Populist Euroseceptic movements, such as the Five star movement, will gain more steam. Macron, and a revitalized France will try to step in and save the Euro.

However, Italy will struggle to pay back its public debt. Once Italy’s sovereign bonds get into trouble, nothing will be able to help the euro hold. Italy is too large to bail out.

The Democratic presidential candidate will push for a ban on stock buybacks.
75% likelihood.

The American airline industry spent years making heady profits, and spent it all on stock buybacks. The democratic left will turn the banning of buybacks an election issue.

In all crises, we deal with moral hazard once everything is over. At the end of the 2008 crisis, Dodd Frank was passed to punish the banks. Something similar will happen to punish the companies that enriched shareholders in lieu of saving up for a rainy day.

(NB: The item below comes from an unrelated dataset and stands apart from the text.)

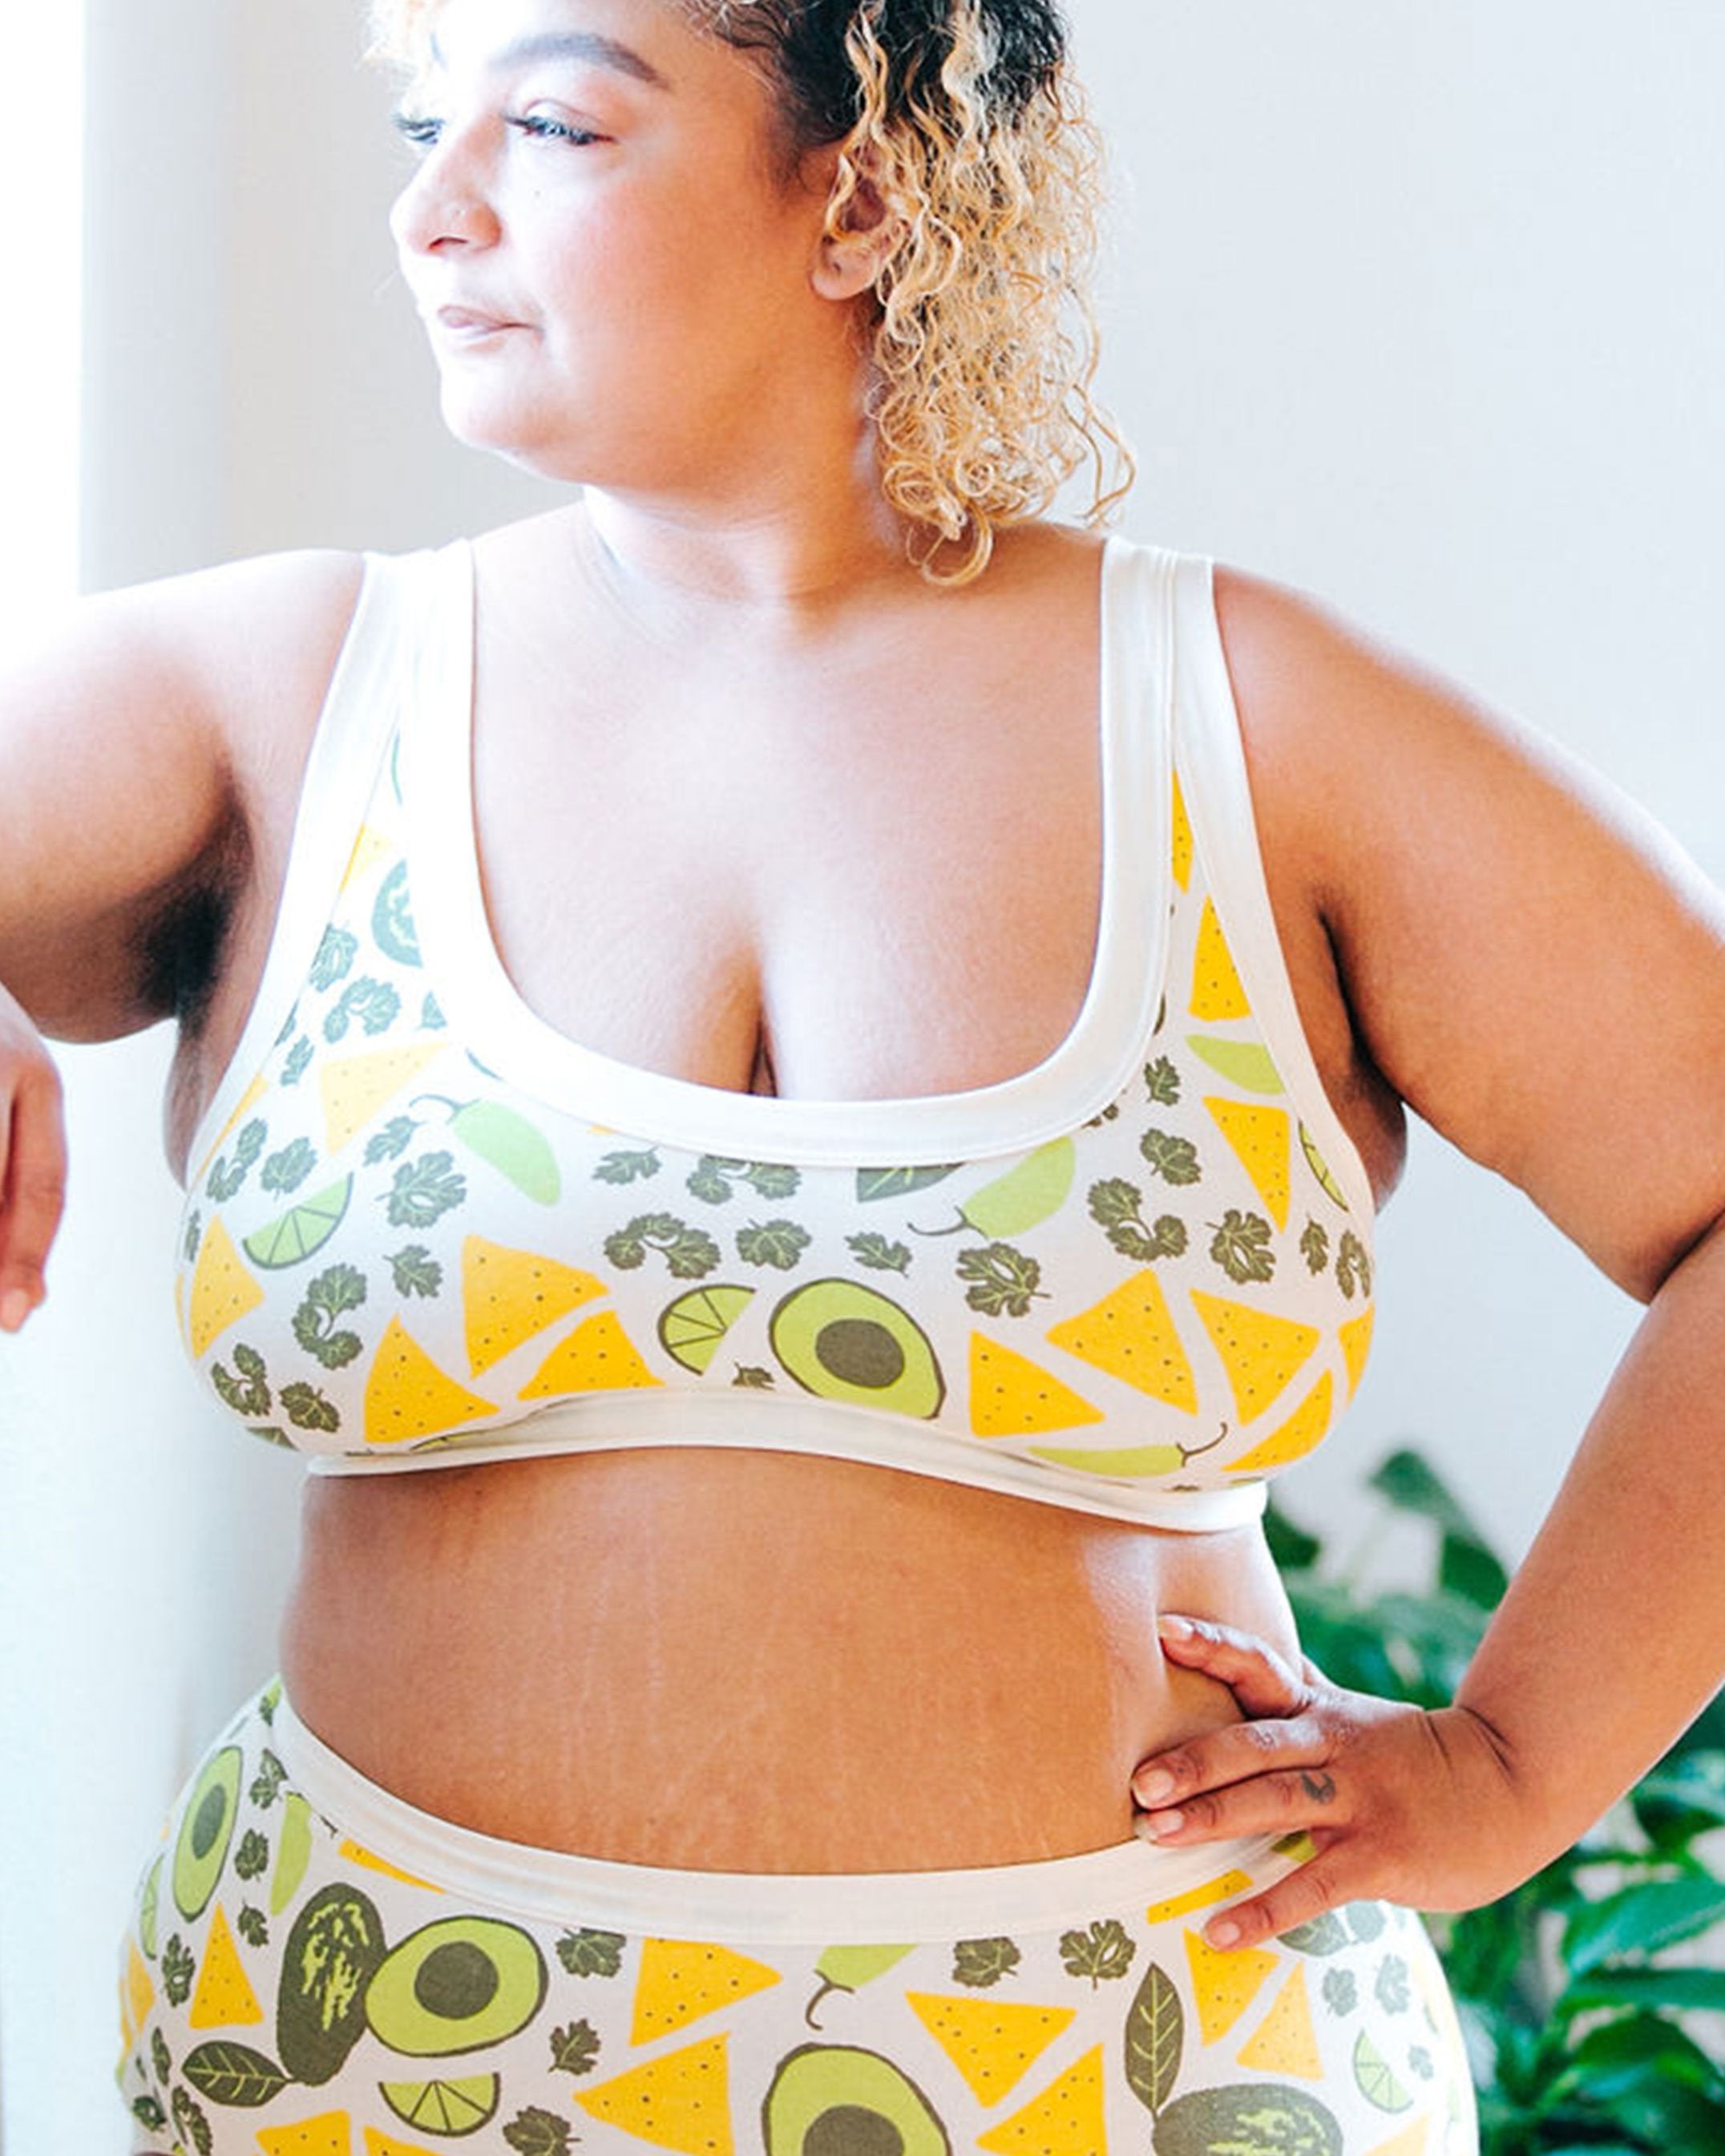 Close up of a beautiful plus-sized model wearing a Thunderpants organic cotton Bralette and Original style underwear in a deconstructed guacamole (avocado, cilantro, pepper, lime, and tortilla chip) print.

National infrastructure will become a political plank on the right.
75% likelihood.

State and Local Spending on Infrastructure Is at Historic Low

Low interest rates and the need for fiscal stimulus means that the time is right for a US national infrastructure plan. The American right-wing will take up the call, asking for the roads, bridges and railways to be rebuilt. Calls for creating a national broadband network will grow louder. The 2020 Presidential election will see Republicans aligning behind large scale infrastructure spending, and Democrats aligning behind a larger social safety net.

In Summary

Growth in blogs prophesying about the future.

We’re stuck inside without much to do. That’s a much better place to be than the victims who’re suffering, or the healthcare workers who’re sacrificing. Stay safe and stay inside!